Anyway, I spent most of my summers growing up in England, and have managed to get over there every couple of years since being a financially independent adult. I have 2 grandmothers there, as well as uncles, aunts, and cousins. The trips are never very eventful, but they’re satisfying. Vicky from the Real Housewives of Orange County talks about her “love tank”, and while what she’s describing is a romantic love tank, I understand what she’s talking about and the need to replenish it every now and then. Mine is a family love tank, and I need steady doses of my grandmother to keep it full.

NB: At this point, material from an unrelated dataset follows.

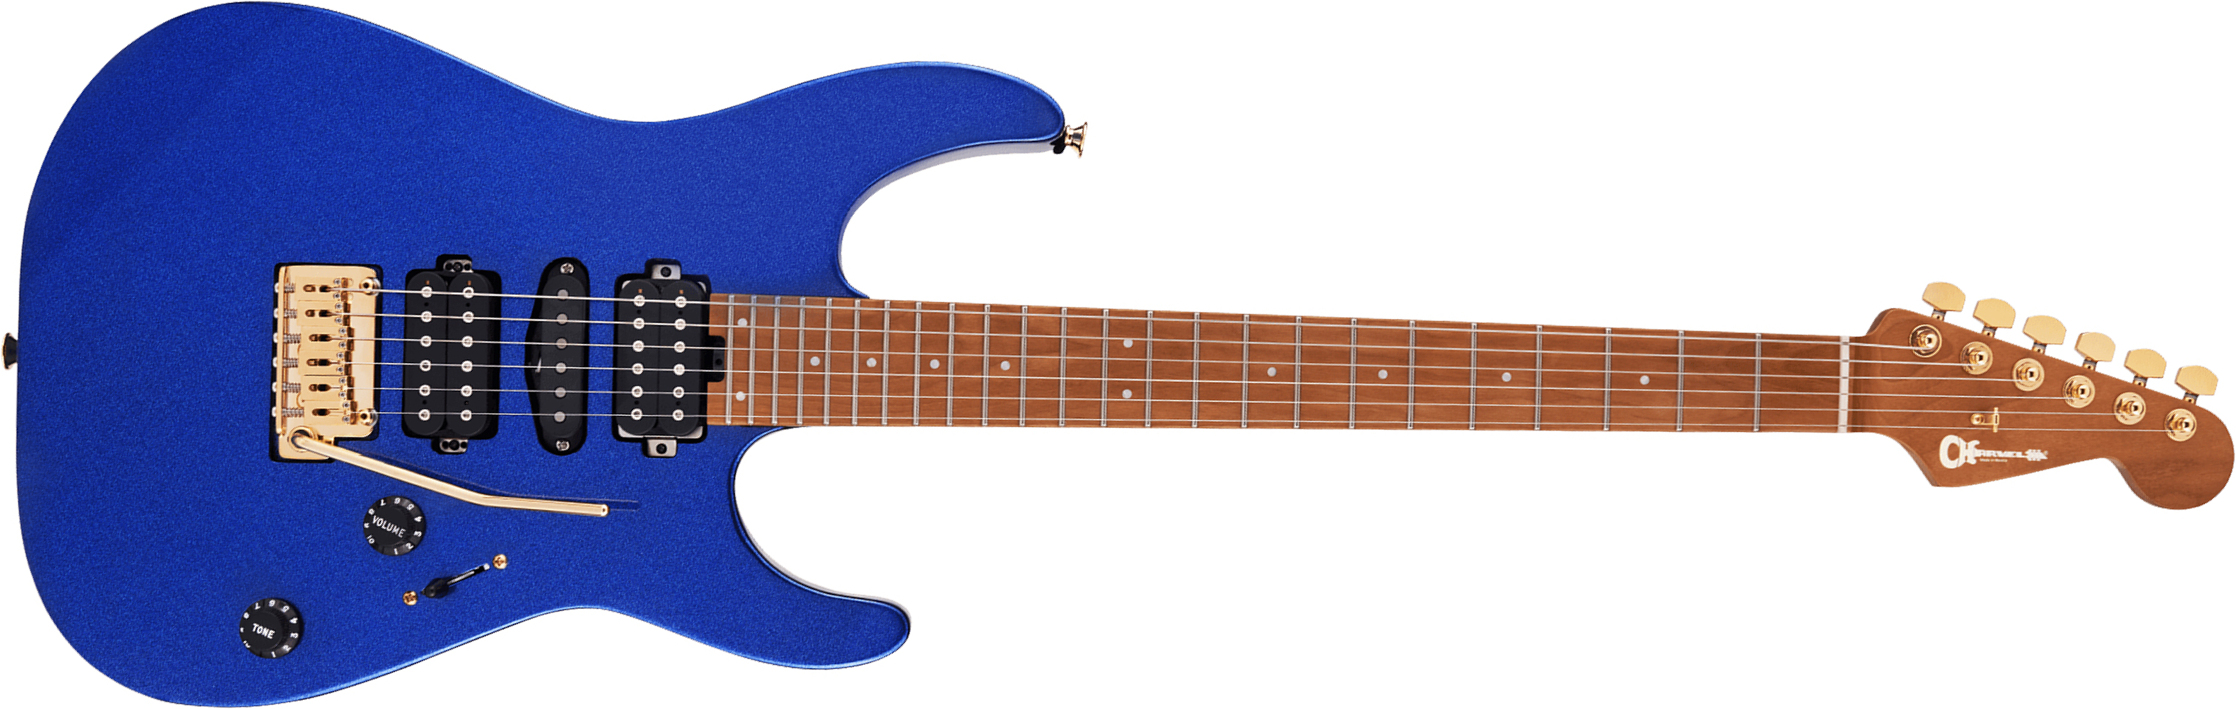 Charvel Dinky Dk24 Hsh 2pt Cm Pro-mod Seymour Duncan Trem Mn - Mystic Blue - Guitarra eléctrica con forma de str. - Main picture
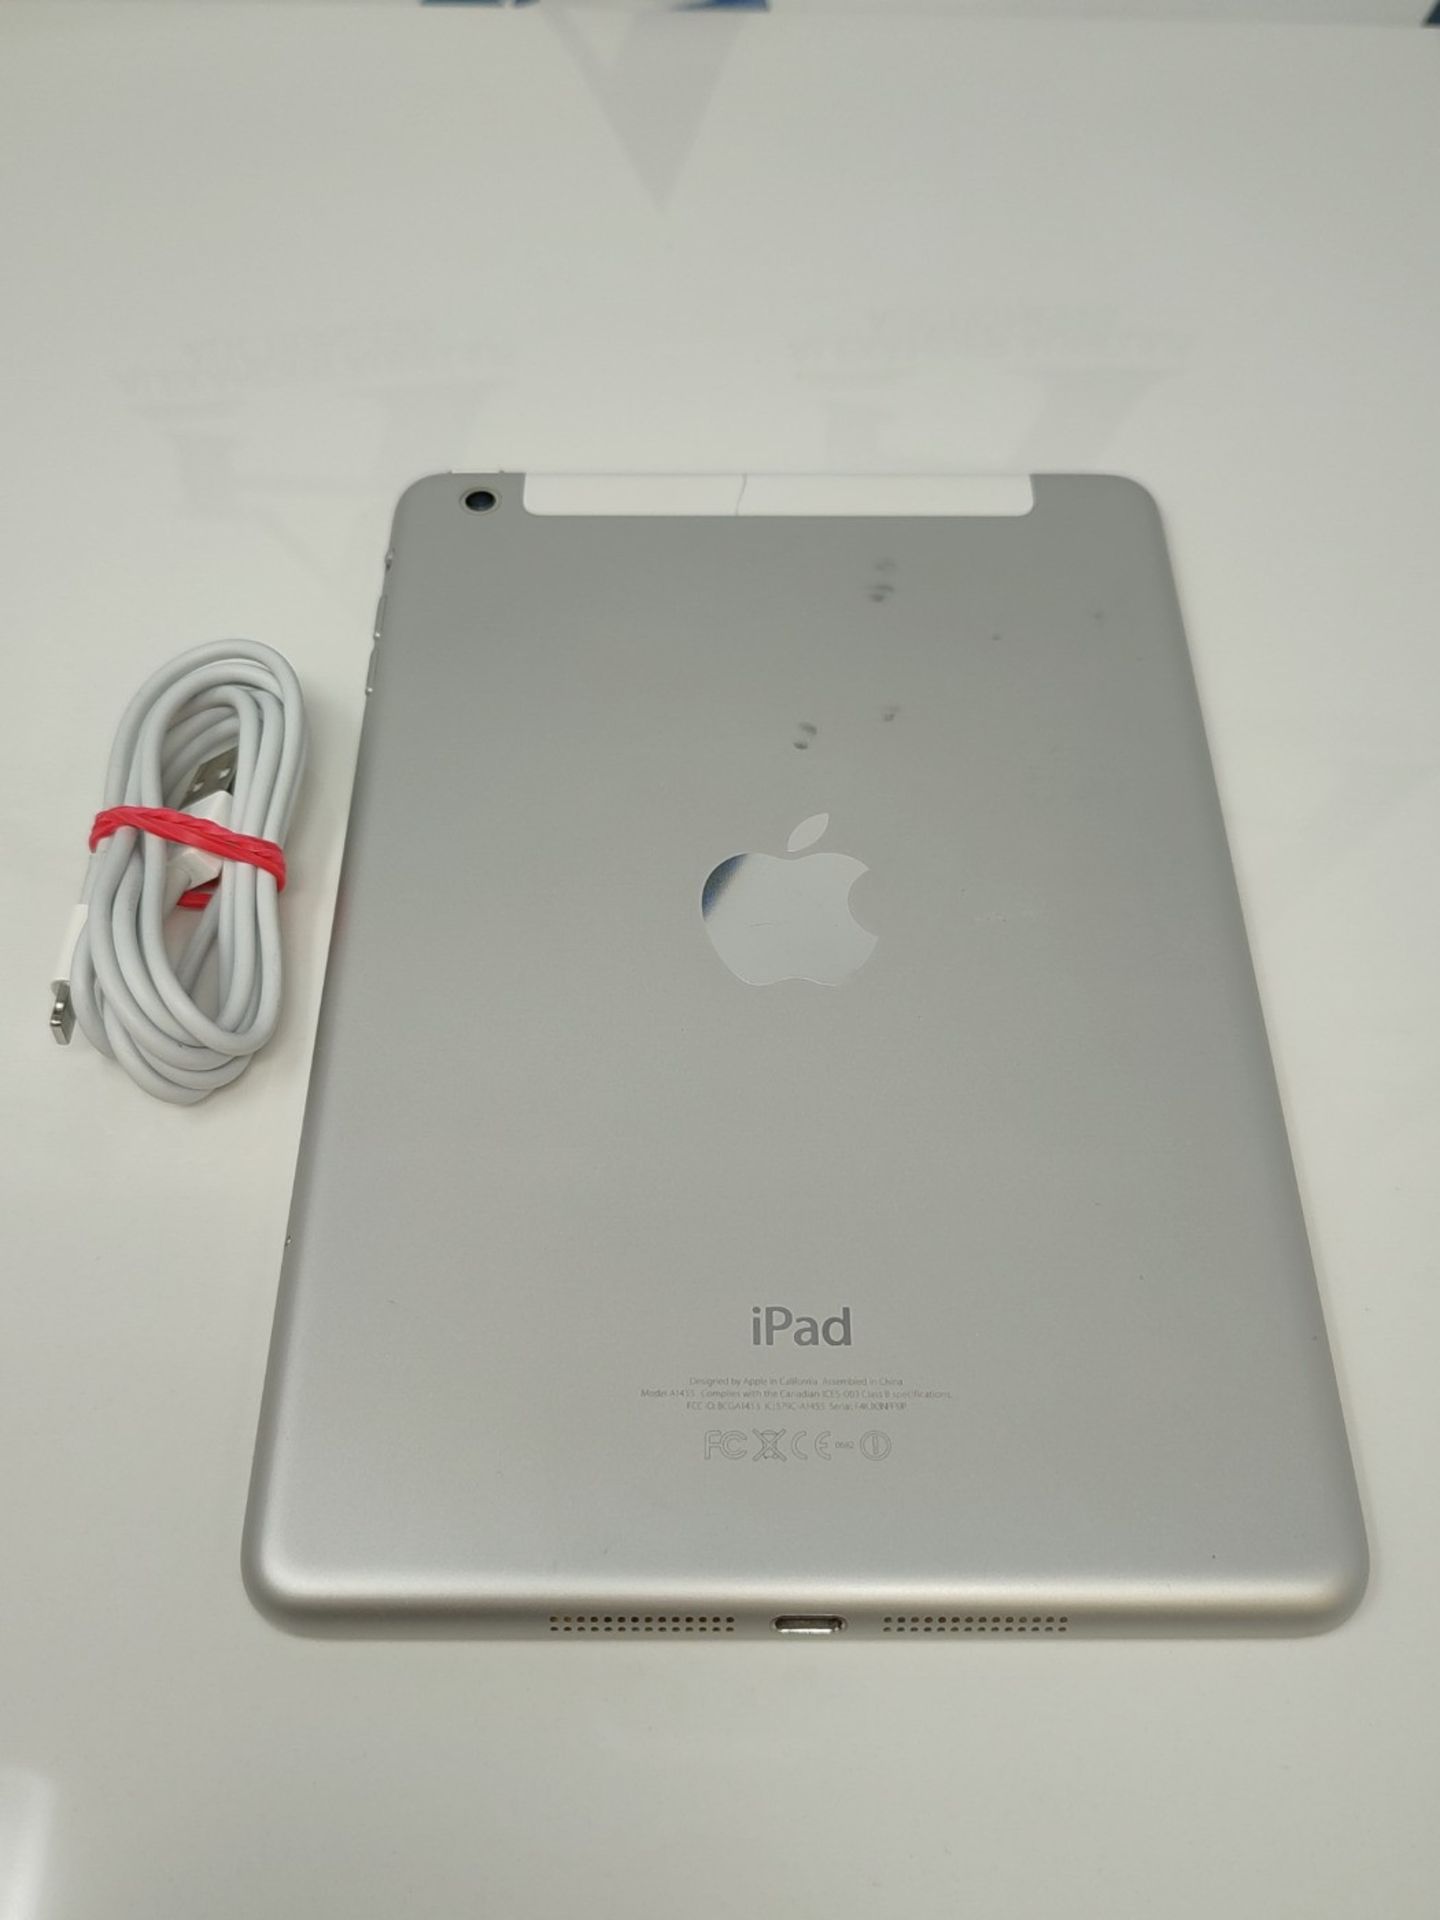 Apple iPad mini A1455 , white - Image 2 of 2

I spoke with her on the phone today, and she sounded pretty awful. She’s battling a chest infection and was really hoarse. I haven’t been able to speak with my grandmother for a few weeks now, as every time I’d hang up the phone, I’d break down in sobbing tears. She just says things, y’know? She knows the struggles we’ve faced with all this infertility bullshit, and she wants nothing more than to hear I’m pregnant. Anyway, I guess my mum told my grandmother that I keep crying when I get off the phone with her, so she opened by saying, “I don’t want you to get upset…”, then proceeded to tell me that I need a break, and that there’s something in the air over there in England that is going to make my next phone call to her be the one where I tell her I’m expecting. I held it together. I didn’t get upset.

I asked her how she was doing, and told her she needed to get better. “I’ll be better when I see you and your mother”, she told me. This was before I had confirmed that I was coming, but that comment kind of sealed the deal. How could I not go after hearing that?

It will be a great trip, and much needed. I love traveling with my mum. We giggle on the plane together and go for coffee and scones when we’re there. I’m really looking forward to it.

-Leaving On A Jet Plane Regular Van.